I’m having difficulty finding sources to answer your question, but I’d imagine it’d be difficult to tell which lucky peasant was the one who captured the noble in battle, since they’d probably be in formation. My guess is that it would depend upon the general of the capturing side. A peasant rebellion against the nobility probably is killing any nobles they capture, and a feudal levy might be so tightly overseen that the captain in charge takes control of the POW fairly quickly.

My instinct tells me that the captain would reward the peasants that captured the knight, perhaps with coin, and the general would collect the ransom, but again, my typical sources aren’t helping me here. @racefortheironthrone might know, though.

Thanks for the question, Overlord.

SomethingLikeALawyer, Hand of the King

Good question.

Part of the tricky thing here is the term “peasant,” which I guess means peasant levy? Because there were a lot of soldiers who were non-nobles but professionals and therefore of higher status – your men-at-arms, your mercenaries, your household guard, etc. – who might technically be “peasants” in the sense of not being nobles or clergy, but who had all or most of the equipment and training of a knight. 

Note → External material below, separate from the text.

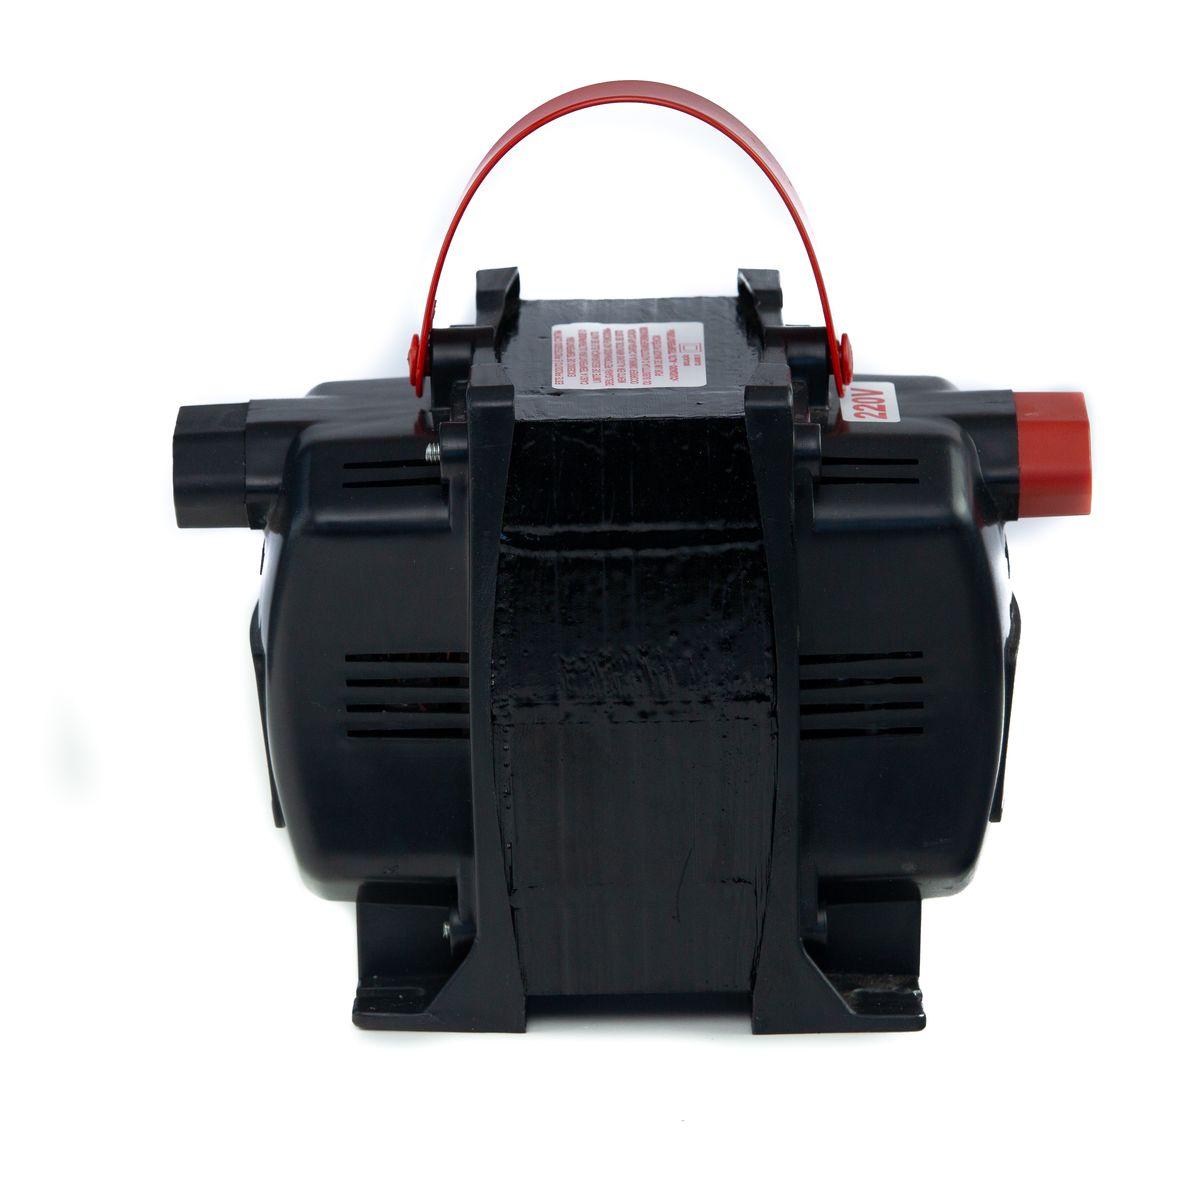 Transformador Fiolux Premium 5000VA Bivolt 110/220 e 220/110 Ref: 5000 VA

But for more specifics, let’s jump on the research train!

image

Turns out…yes, sort of. Culturally/ideologically it was a bit of a problem: Michael S. Drake in Problematics of Military Power points out how the common soldiers was a bit of a problem conceptually for the medieval mindset in general because they were commoners who did knightly stuff yet were too necessary to ban; likewise, common soldiers were not necessarily ransomable (there were some pretty ugly mass killings of captured peasant levies in the Hundred Years War, for example) and one couldn’t necessarily trust them to ransom a noble as opposed to rob his corpse. 

But, while I’ve seen a few legal scholars say the law of war forbade peasants/common soldiers from ransoming prisoners, they seem pretty well out-argued by the folks who can point to historical accounts of just that thing happening, so I’m going to say that whatever the laws of war might have said, once you have thousands of professional killers roaming the battlefield with misericords with profit in mind, those laws are promptly ignored so that nobles could be safely ransomed rather than being brutally murdered for their rings…

So yes, common soldiers could ransom, and odds are non-levies would be ransomed (because soldiers learned to keep enough liquid capital to pay a ransom pretty quick) albeit on the cheap. What seems to have become the practice vis-a-vis the common soldier capturing a knight is that the ransom would be bought by a higher up for a percentage of its value. For example, at one point Henry I of England bought the King of France’s banner (which had been taken on the field by a common soldier) for 20 marks, so that he could have the gloating privileges.